Recorded information Block Start

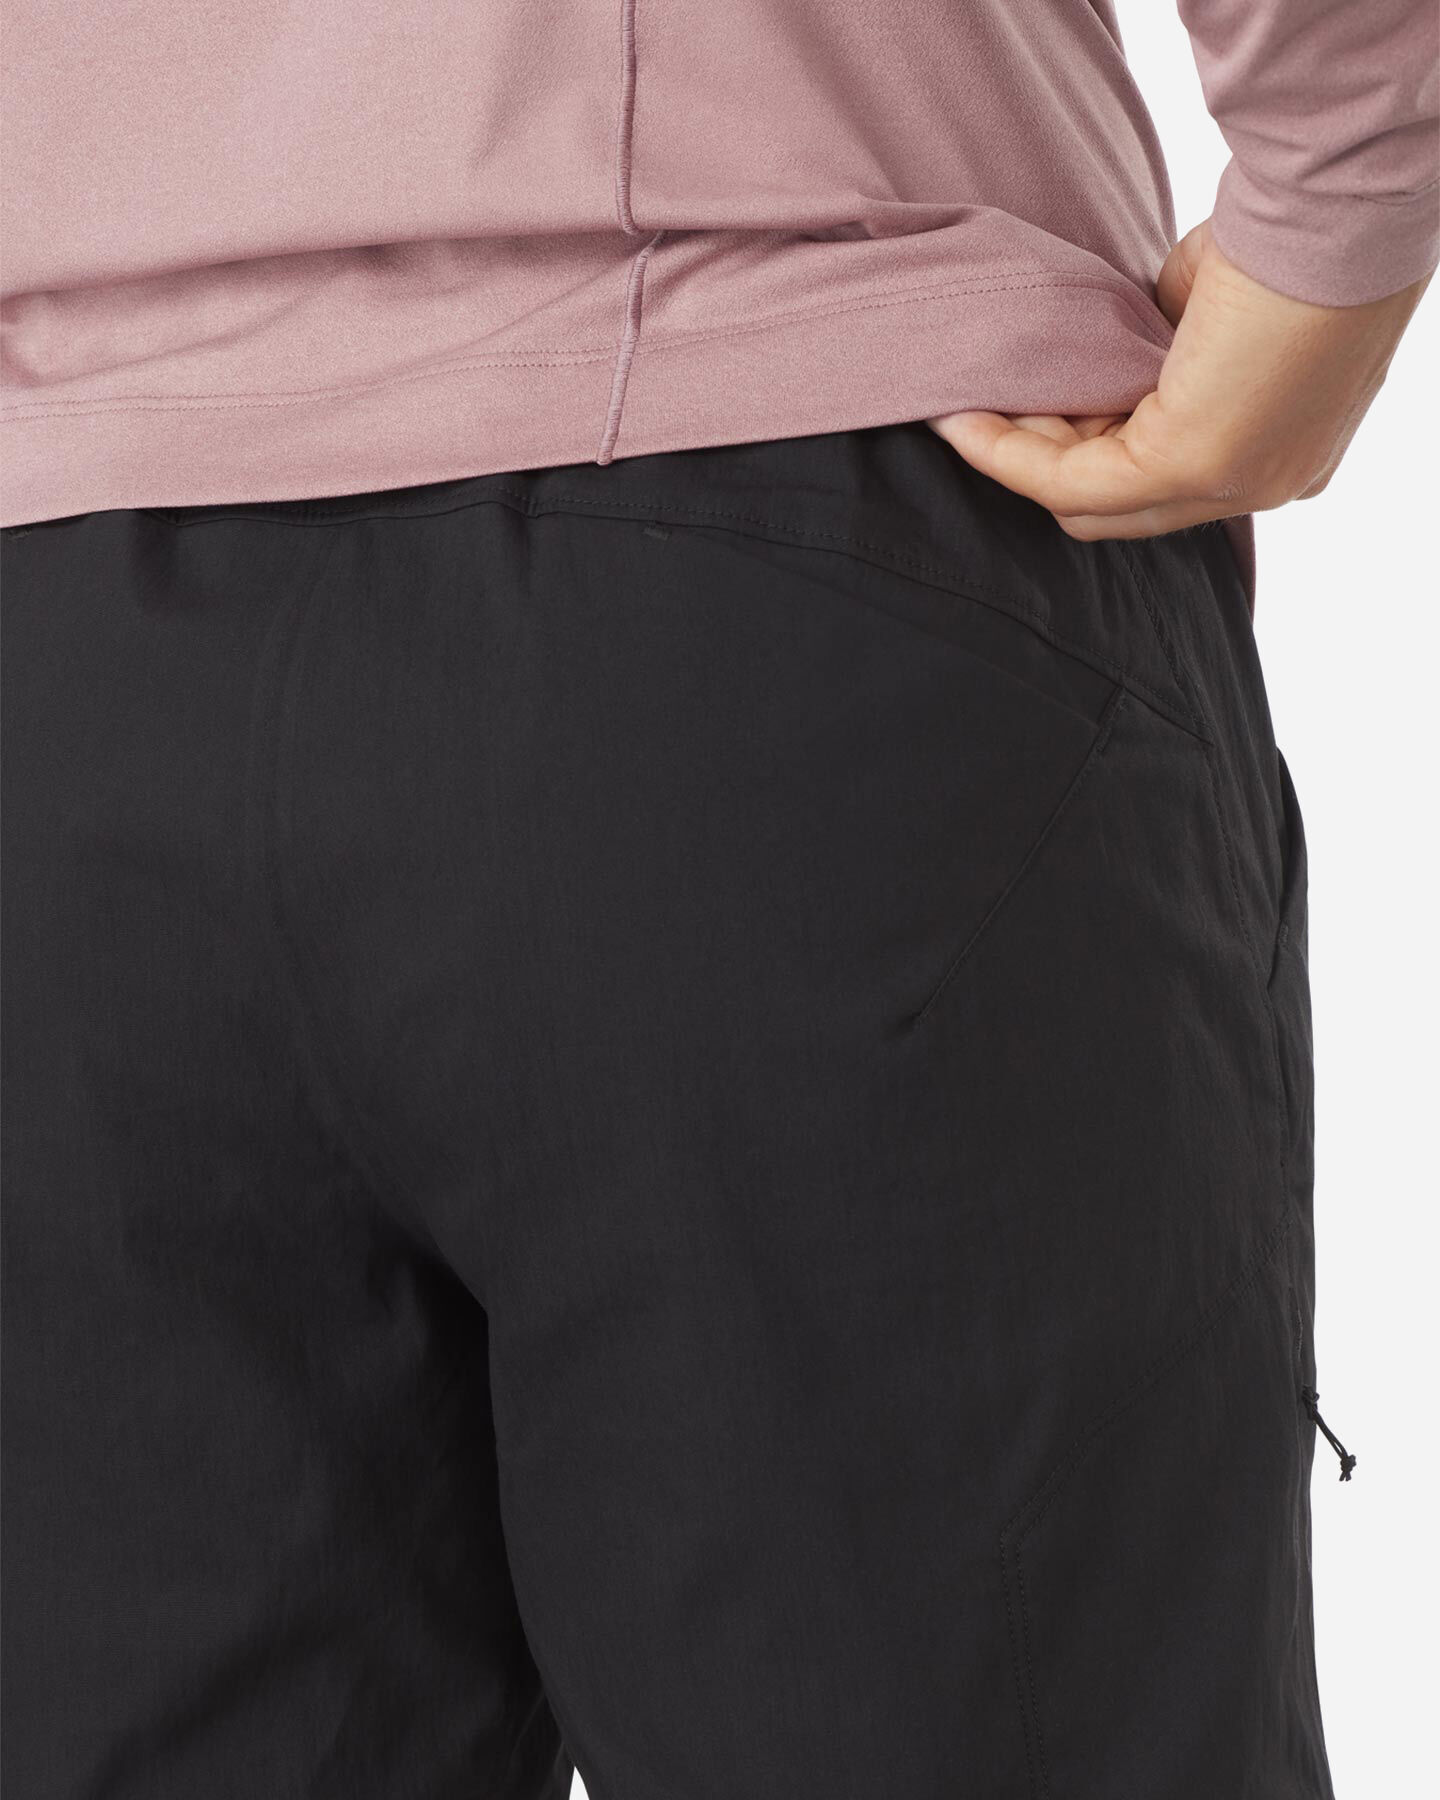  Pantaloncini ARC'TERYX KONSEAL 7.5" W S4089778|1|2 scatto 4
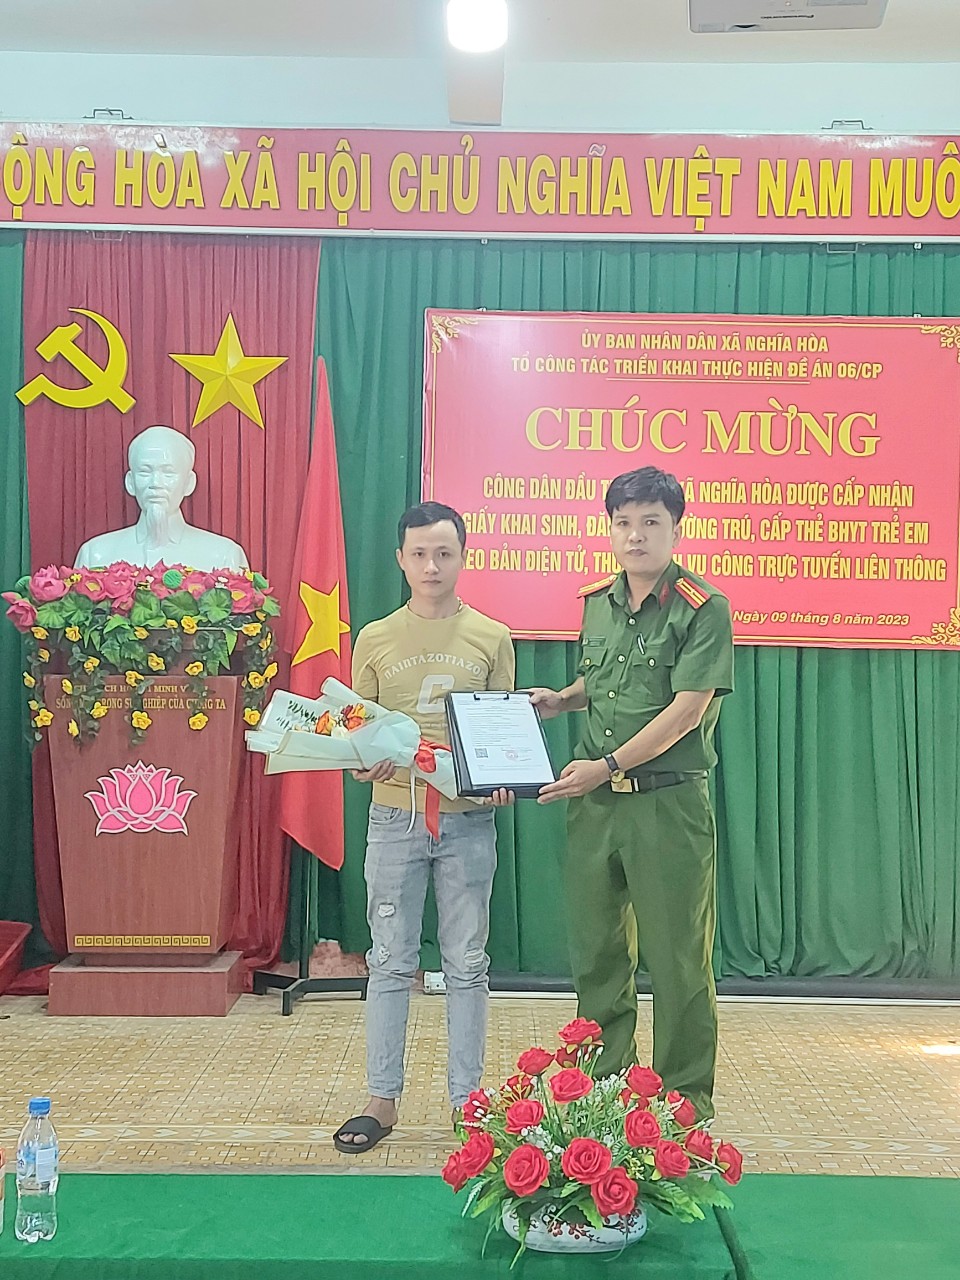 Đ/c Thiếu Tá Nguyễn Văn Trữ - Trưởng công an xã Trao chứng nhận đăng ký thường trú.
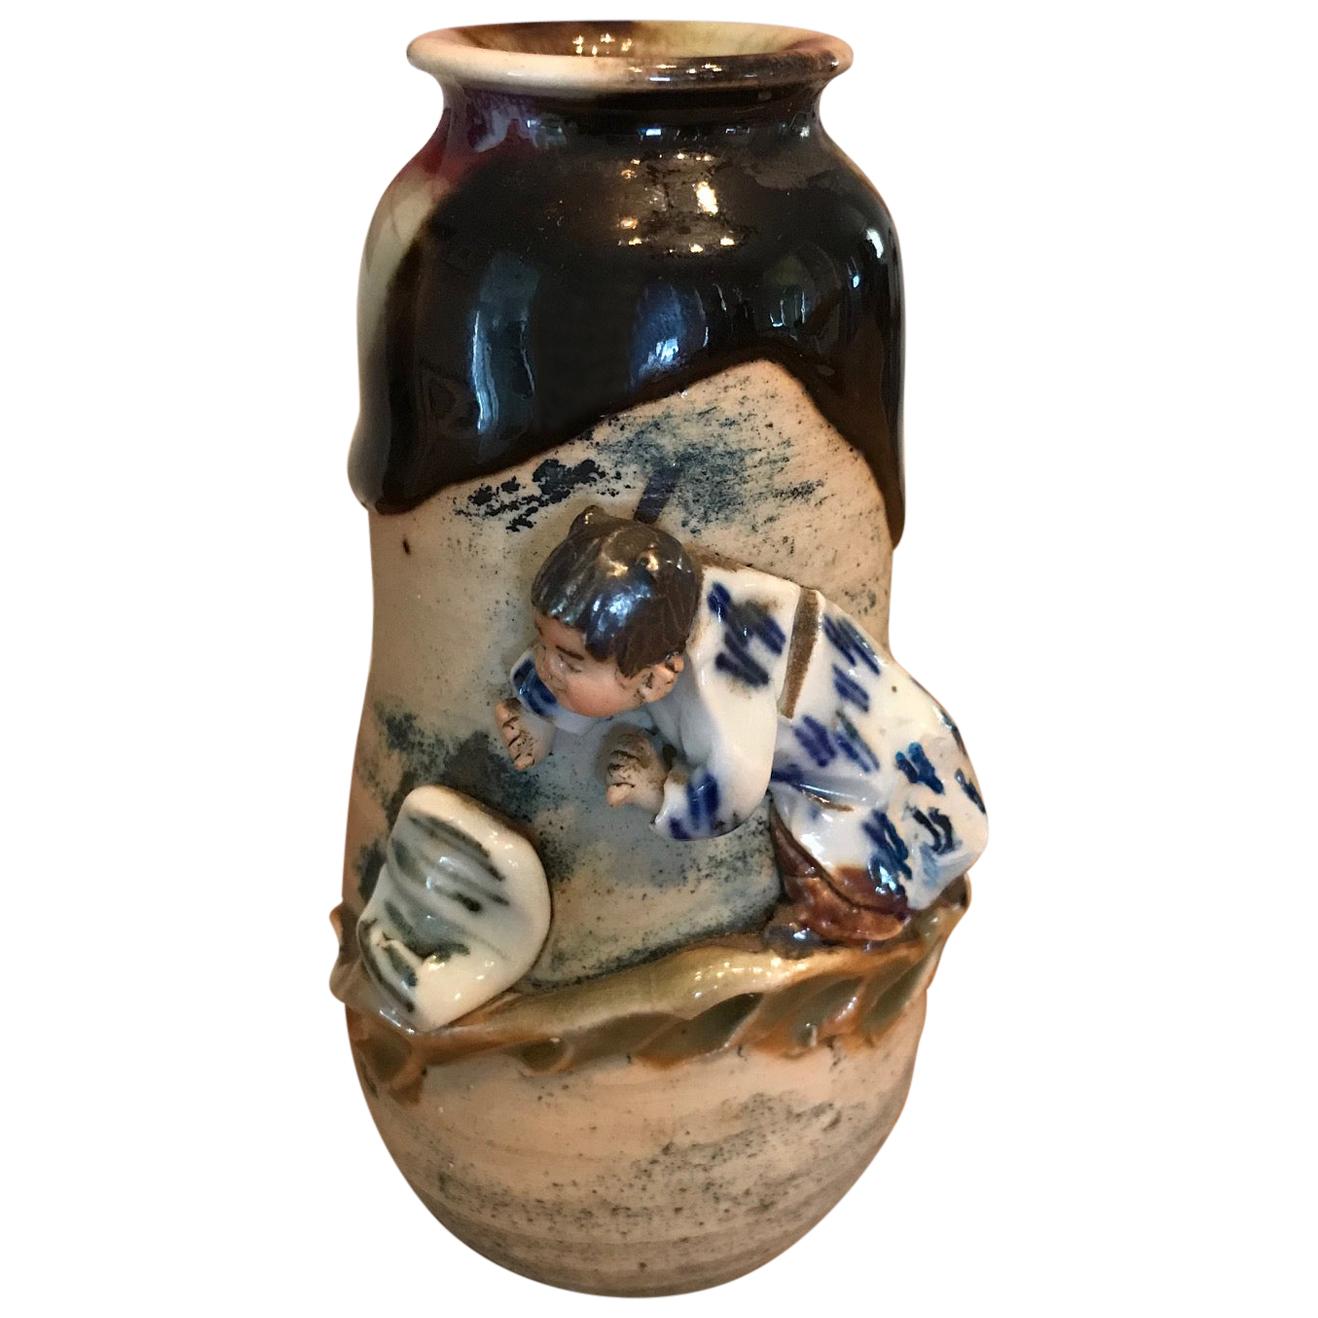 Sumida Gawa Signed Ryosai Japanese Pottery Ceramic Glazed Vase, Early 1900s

Recorded information Block End

> [Problem requirements]: The data above, line by line: transcribe it exactly and drop the pictures.

> [Exercise response]:
  Pantaloncini ARC'TERYX KONSEAL 7.5" W S4089778|1|2 scatto 4
 Đ/c Thiếu Tá Nguyễn Văn Trữ - Trưởng công an xã Trao chứng nhận đăng ký thường trú.
 Sumida Gawa Signed Ryosai Japanese Pottery Ceramic Glazed Vase, Early 1900s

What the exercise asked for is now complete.